_DATA EXTRACT_
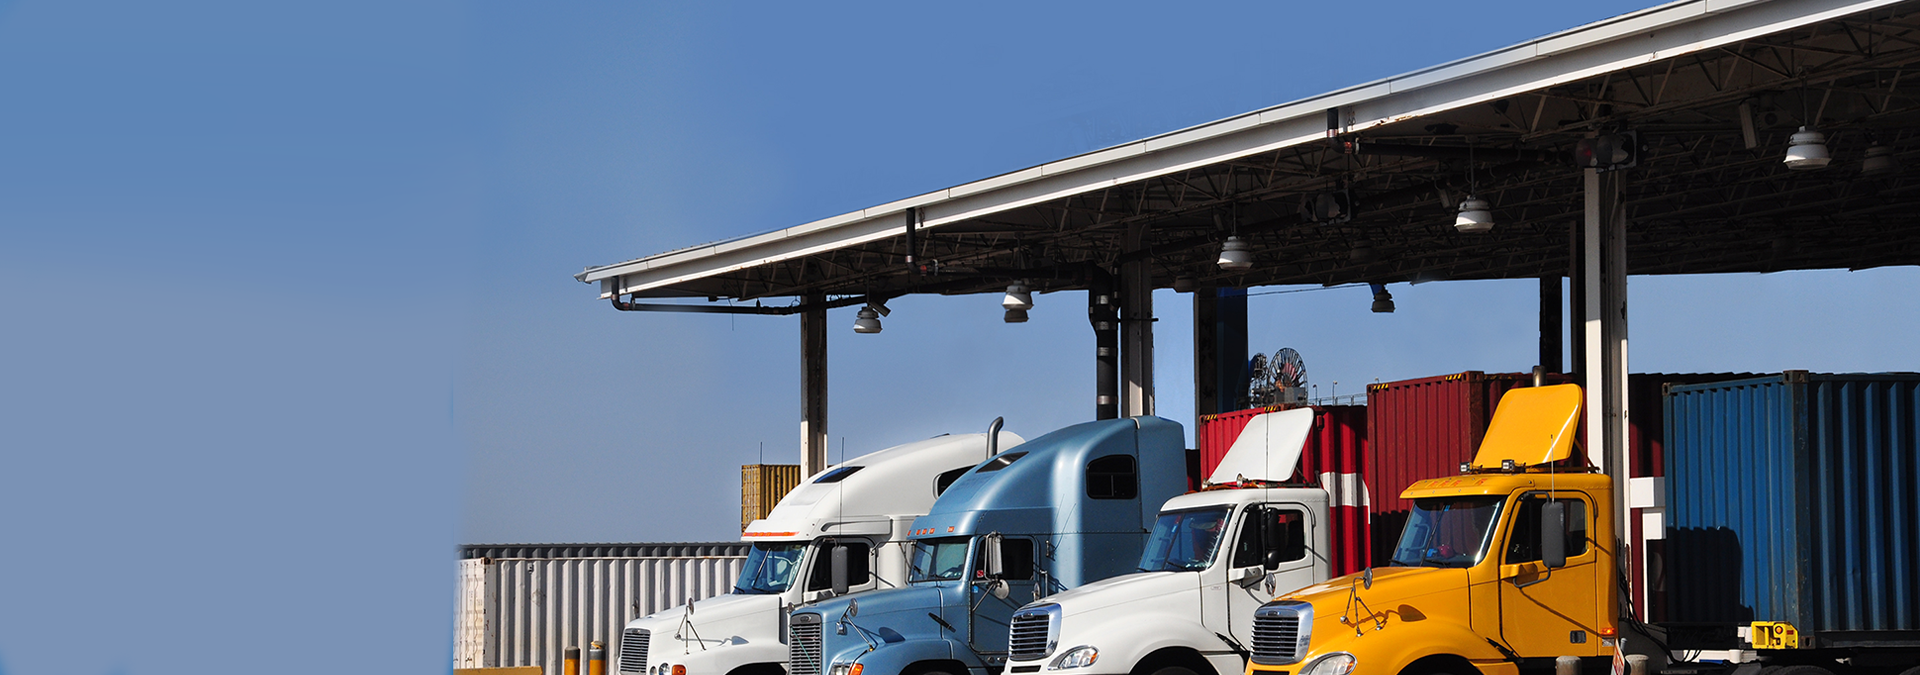 Trucks at Conley terminal gate
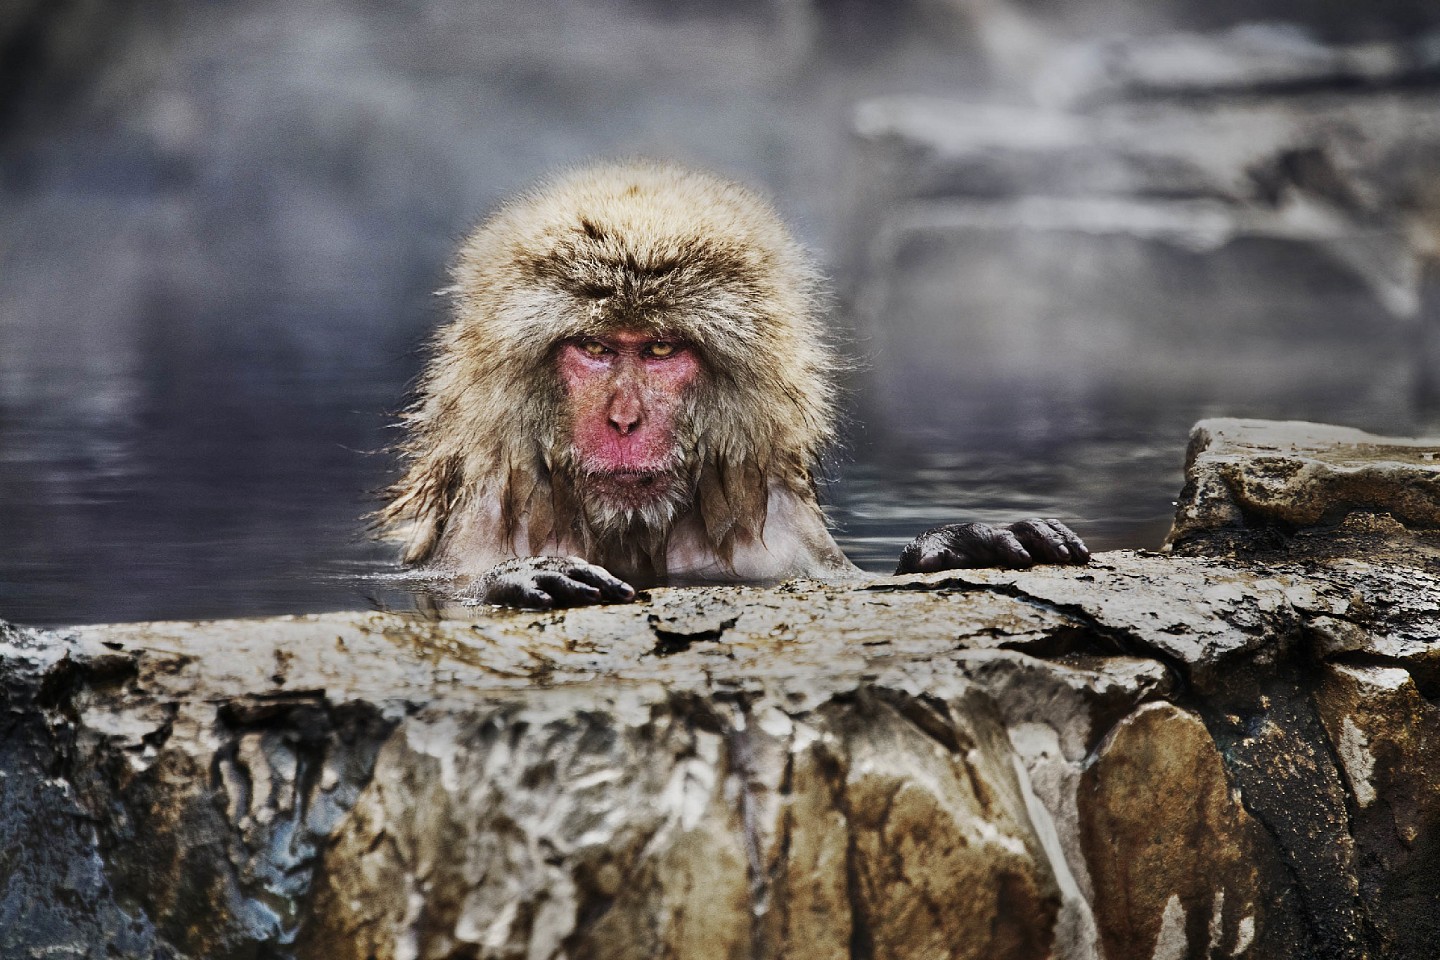 Steve McCurry, Snow Monkey in Jigokudani Yaen-koen Park, Japan, 2018
FujiFlex Crystal Archive Print, 30 x 40 in. (76.2 x 101.6 cm)
JAPAN-10315

_TASK BRIEF_
Restate the whole listing exactly as written, minus the pictures.

_THE ANSWER_
 Trucks at Conley terminal gate
 Steve McCurry, Snow Monkey in Jigokudani Yaen-koen Park, Japan, 2018
FujiFlex Crystal Archive Print, 30 x 40 in. (76.2 x 101.6 cm)
JAPAN-10315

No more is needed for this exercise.